Толпа шарахалась от беглеца в стороны, образовав пустой коридор. До мастерских оставалось метров двадцать-тридцать, а там – лови, не догонишь! Но люди, люди снуют! Дядя скинул с плеча карабин и первым выстрелом с колена – ещё была не забыта боевая выучка – достал убегающего преступника и воткнул ему тяжёлую пулю промеж лопаток.
– Господь тебя спас! Господь! Не дай Бог, задел бы кого, ведь люди кругом! – сокрушалась моя бабушка, потерявшая на фронте самого младшего сына, Ивана. Лежать её Ивану, а моему другому дяде, в Витебских болотах вечно. Ни звезды, ни креста. – Господи! – вскидывалась бабушка. – Бяда-то, какая, бяда…
Дядя сидел за столом, тупо уставившись в одну точку, кривился, гонял туда-сюда желваки на скулах, будто кусал и никак не мог перекусить нитку. Сцепленные руки тяжело лежали на белой в чёрный крестик скатерти. Потом, охнув, поднялся, подошёл к лежанке на печи, где находилась до зимы всякая рухлядь, достал старый валенок и вытащил из голенища бутылку непочатой водки. Такой у него был загашник. Стряхнув сургуч, он вылил бутылку в алюминиевую кружку и залпом выпил – бабушка слова не сказала. Выпил, и, молча стащив через голову гимнастёрку, лёг на кровать, уткнувшись носом в стенку. Гимнастёрка была в черных подтёках, коробилась жестью, будто дядя перед этим опрокинул на себя миску с протёртой смородиной.
Как раз перед этим бабушка принесла с базара целое ведро отборной чёрной смородины. Крупные ягоды лаково блестели на солнце. Поставив смородину в тенёчек за домом, бабушка велела мне обрывать с ягод «усики» – засохшие жёсткие соцветья.
Смородина была сочной, сквозь тонкую кожицу её просвечивала темно-красная мякоть. Такой смородины у нас в Бондарях не водилось, я это знал точно. Сады тогда были все наперечёт, и я их неоднократно обыскал. Кусты, если и попадались, жухлые, с жестяными листьями, смородинки на них были мельче горошины. За час можно собрать разве пригоршню. А бабушкина смородина была уже собрана и сама просилась в рот – ну, просто умоляла себя потрогать руками и языком.

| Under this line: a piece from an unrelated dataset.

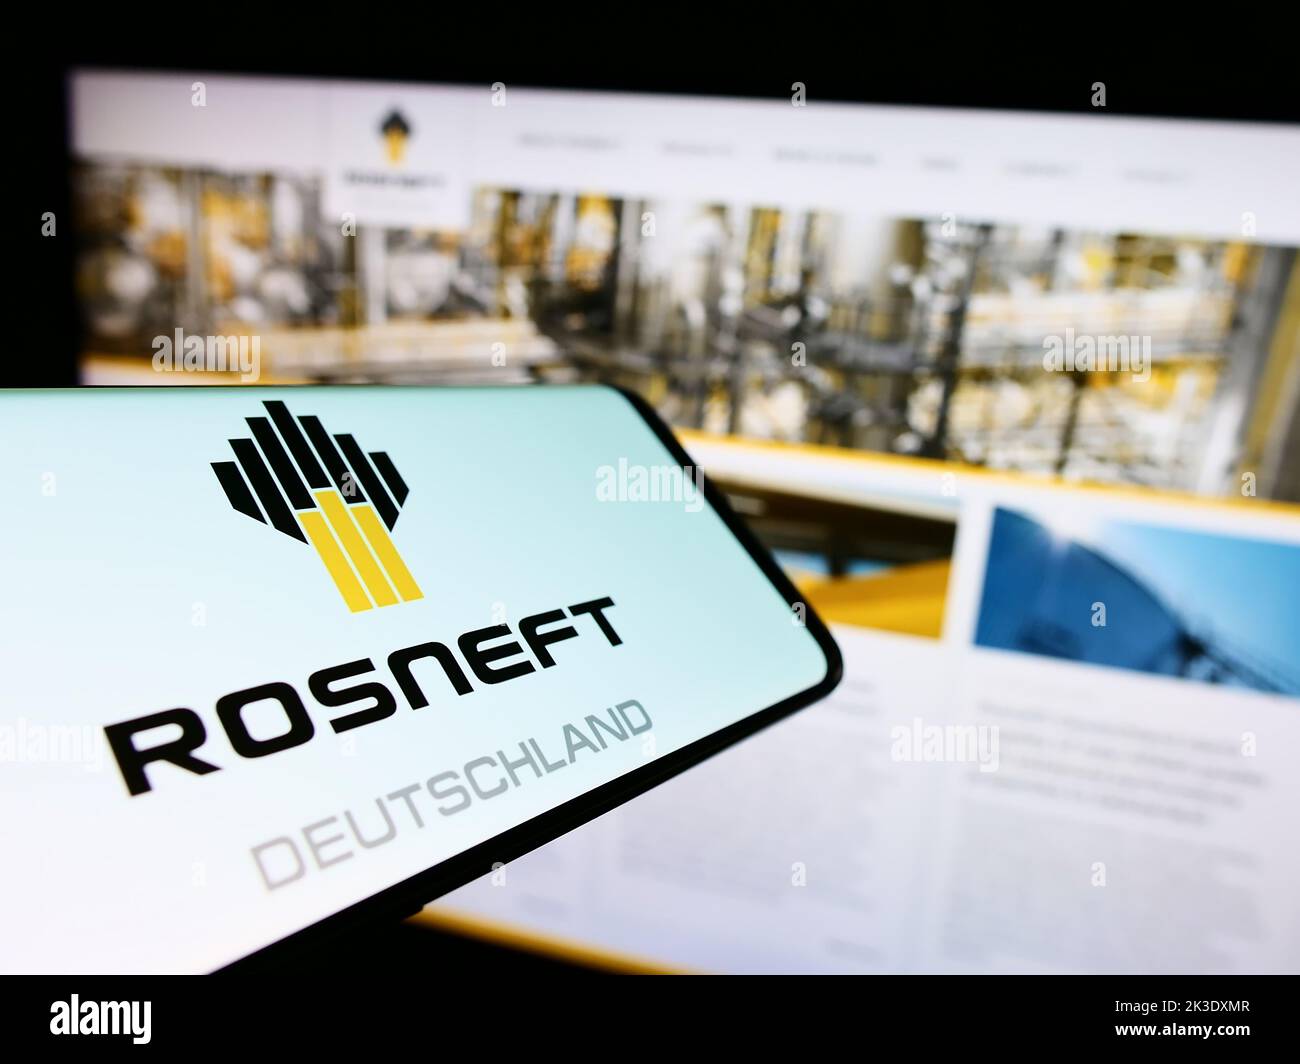 Cellphone with logo of oil refining company Rosneft Deutschland GmbH on screen in front of website. Focus on center-right of phone display. Stock Photo

Я с редким удовольствием согласился перебирать смородину, освобождая её от жухлых соцветий. Бабушка даже удивилась моему рвению. Она внимательно посмотрела на меня, вздохнула, зачем-то погрозила пальцем, и ушла в дом.
Работа закипела. Две-три смородины в таз – одну в рот, две-три смородины в рот – одну в таз. К моему удивлению, в тазу ягоды было ещё много, и она уже была готова к дальнейшей обработке.
Привернув мясорубку к столу, бабушка посмотрела в таз, не сказав ничего, снова вздохнула и велела мне прокручивать смородину.
Я крутил, бабушка сквозь мелкое сито ещё раз перетирала ягоду, и работа у нас шла чередом. В стеклянной трёхлитровой банке уже было достаточно густого тёмно-красного, почти чёрного смородинного желе, и бабушка пошла в чулан за сахаром.
Пока её не было, я наспех глотнул из банки, но не рассчитал и часть сока выплеснул на рубашку. Яркого пятна мне было уже не скрыть.
Чтобы бабушка ничего не заподозрила, я стал рыться в сите, в остатках смородины, нарочно вымазал себе рот, руки и подбородок в соке. Бабушка, вернувшись, дала мне подзатыльник, отчего сразу сделалось скучно и я потерял всякий интерес к работе.
Видя мою нерадивость, бабушка прогнала меня на улицу. На солнце пятна на рубашке зачерствели, руки стали липкими, и мне пришлось идти под колонку, ополаскиваться. Руки я вымыл, а про залитые пятна на рубашке совсем забыл, и бабушка потом их долго замывала в растворе каустика-соды – мыла не достать. Раствор делался таким, чтобы отмывало только грязь, и не разъедало кожу.
Химический ожог от невнимательности можно было получить запросто.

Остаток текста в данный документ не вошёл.